C’est une page méconnue, mais essentielle de l’histoire qui a repris vie ce week-end au château d’Amboise, où l’Émir Abdelkader fut retenu captif entre 1848 et 1852.
À l’initiative de l’association Le Cercle de l’Émir Abdelkader, une excursion mémorielle y a été organisée, rendant hommage à cette figure emblématique de la résistance, du dialogue interreligieux et de la spiritualité. Ce lieu chargé de mémoire a ainsi accueilli une journée d’échanges, de transmission et de réflexion, saluée par les participants comme un moment fort de réconciliation entre histoire et conscience collective.
Après une visite guidée retraçant les années de captivité de l’Émir dans l’enceinte du château, un colloque de haut niveau a réuni plusieurs personnalités intellectuelles, spirituelles et politiques pour évoquer les multiples facettes de l’homme d’État, mystique et humaniste qu’il fut. Y ont notamment participé la Princesse Yasmine Murat, Marraine de la Fondation Eugène Napoléon, Karima Berger, écrivaine et auteure de Abdelkader, l’Arabe des Lumières, Boumediène Benyahia, islamologue, Louis Blin, diplomate et auteur de Lamartine et l’Islam, Waciny Laredj, écrivain et auteur de Le Livre de l’Émir, ainsi que Hajj Moqaddam Adelhafid Benchouk, représentant de la voie naqshbandi en France.

Le volet spirituel de la journée a été introduit par Hajj Moqaddam Abdelhafid BENCHOUK. Ce dernier a rappelé que la Naqshbandiyya est une des grandes confréries soufies, fondée sur le dhikr (évocation du divin), la purification intérieure et une discipline rigoureuse, prônant une spiritualité discrète mais ancrée dans le quotidien. Il a également évoqué la tariqa Qadiriyya, autre voie soufie majeure, plus ancienne, fondée par Abdelkader al-Jilani, un érudit né en Perse, connue pour son rayonnement spirituel à travers le monde musulman.
« L’Émir pratiquait sa spiritualité durant son séjour au château et avait été inspiré durant toute sa vie de plusieurs tariqa : la Qadiriyya et la Naqshbandiyya. »
A déclaré à Dzdia, Hajj Benchouk
Par ce témoignage, il a souligné que, même en captivité, l’Émir Abdelkader continuait à nourrir sa vie intérieure, trouvant dans le soufisme la force de la patience, de la dignité et du pardon, autant de qualités qui ont forgé son aura universelle.
Histoire et humanisme : une amitié méconnue
Le colloque a également abordé les relations diplomatiques et humaines entre l’Émir Abdelkader et Napoléon III. Princesse Yasmine Murat, marraine de la Fondation Eugène Napoléon, a partagé une intervention marquante sur l’amitié sincère et respectueuse entre ces deux figures historiques. « C’est une histoire d’humanisme, un échange de respect entre deux hommes d’État.
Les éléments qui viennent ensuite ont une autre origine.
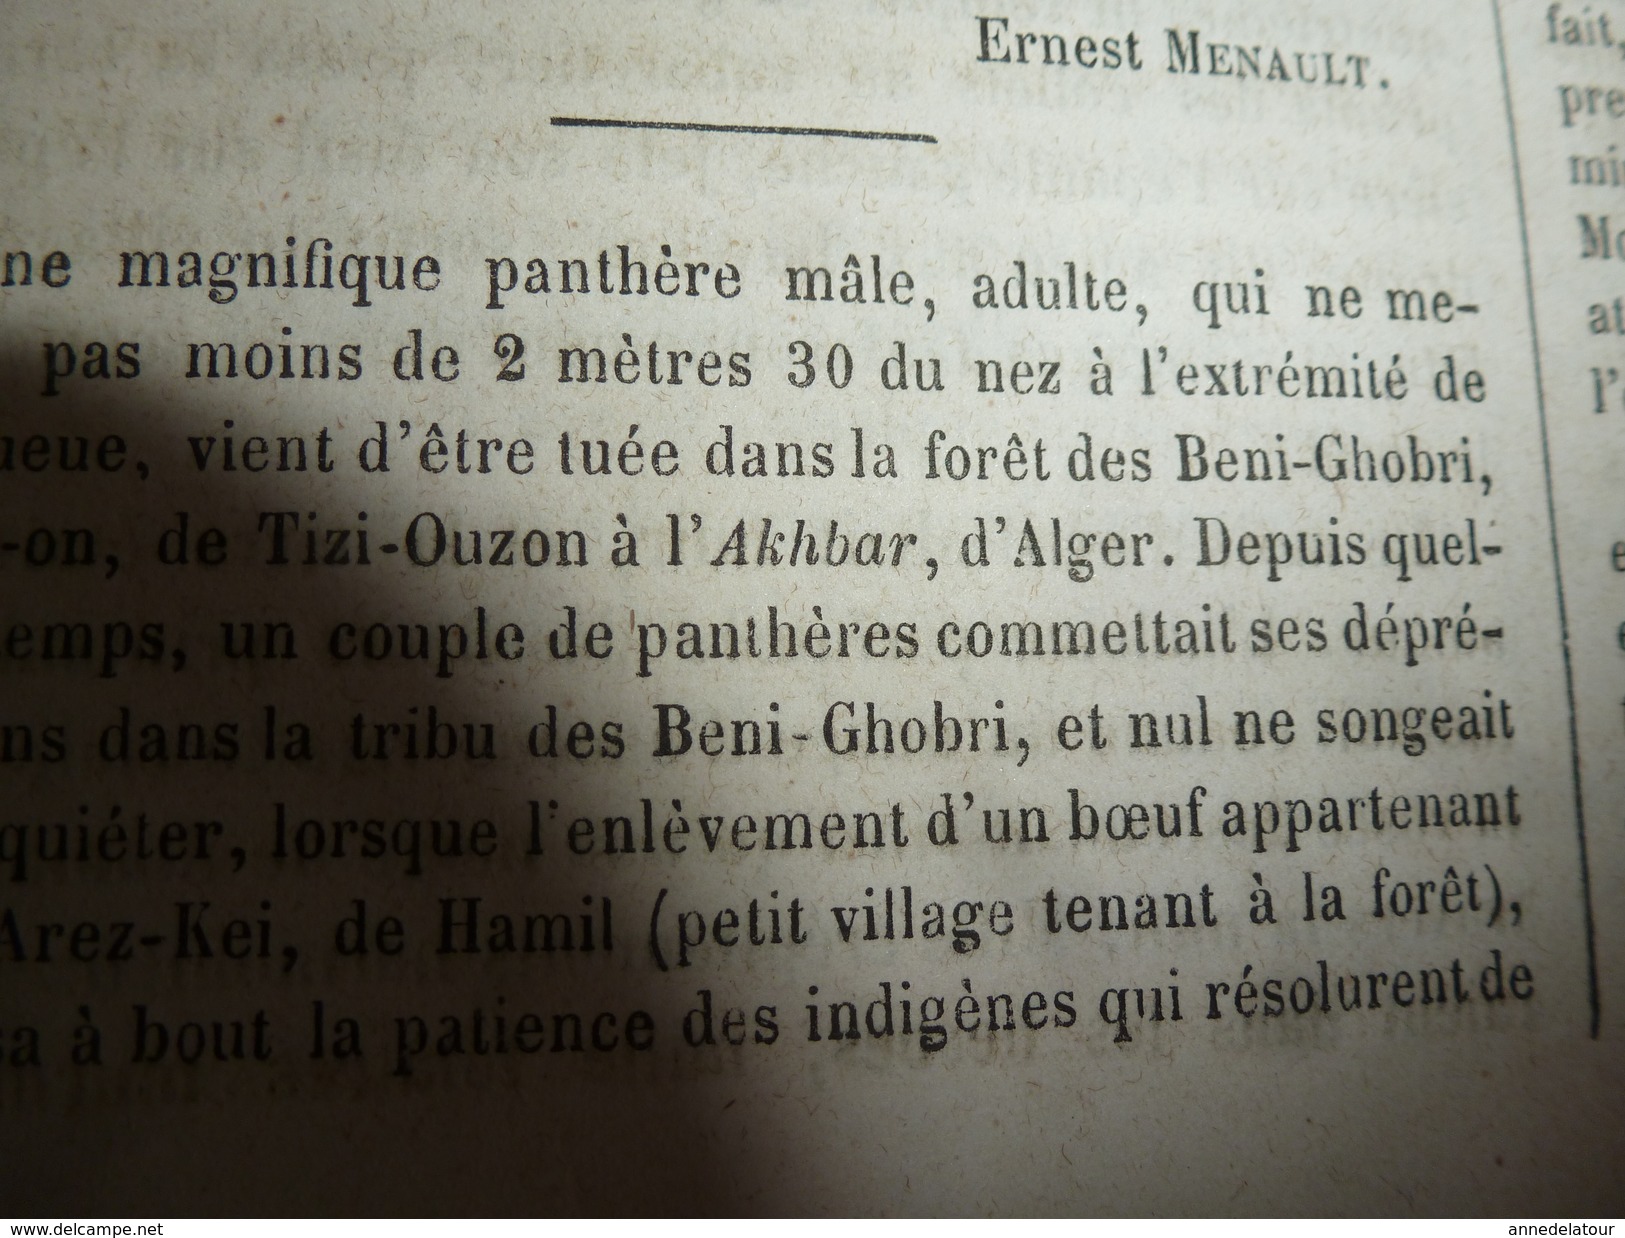 1864  Les pieds chinois; La place aux lapins:Tribu des Béni-Ghobri;Panthère à Tizi-Ouzon ? ou Tizi-Ouzou (Algérie) ; etc

Cette relation mérite d’être enseignée à toutes les générations, car elle porte un message de paix, de dignité et de reconnaissance mutuelle », a-t-elle affirmé.

Une parole libre sur les zones d’ombre
Présente à l’événement, l’ancienne première dame d’Algérie Anissa Boumediene a répondu aux questions de Dzdia sur un éventuel parallèle entre l’Émir Abdelkader et son époux feu le président Houari Boumediene. Sa réponse, nuancée et courageuse, a ouvert le débat : « Il y a une différence entre l’Émir et mon mari que l’honnêteté me pousse à dire. Dans son ouvrage Rappel à l’intelligence, publié en 1853, l’Émir s’opposait à l’alphabétisation des femmes, tandis que Boumediene en a fait un axe fort de sa politique. C’est ce que je reproche à l’Emir Abdelkader »
Un moment de transmission et de fierté
Rafik Temghari, président de l’association Le Cercle de l’Émir Abdelkader, s’est déclaré très satisfait du succès de cette deuxième édition. « On est très content de l’engouement que cette journée crée. Je souhaiterais que cette virée véhicule un message de paix, d’amour et de fraternité »
L’excursion mémorielle au château d’Amboise aura ainsi permis non seulement de raviver l’histoire, mais aussi d’ouvrir un espace de dialogue, de réflexion et de conscience collective. Une initiative appelée à se renouveler pour que la figure de l’Émir, symbole du dialogue entre les cultures, continue d’éclairer le présent.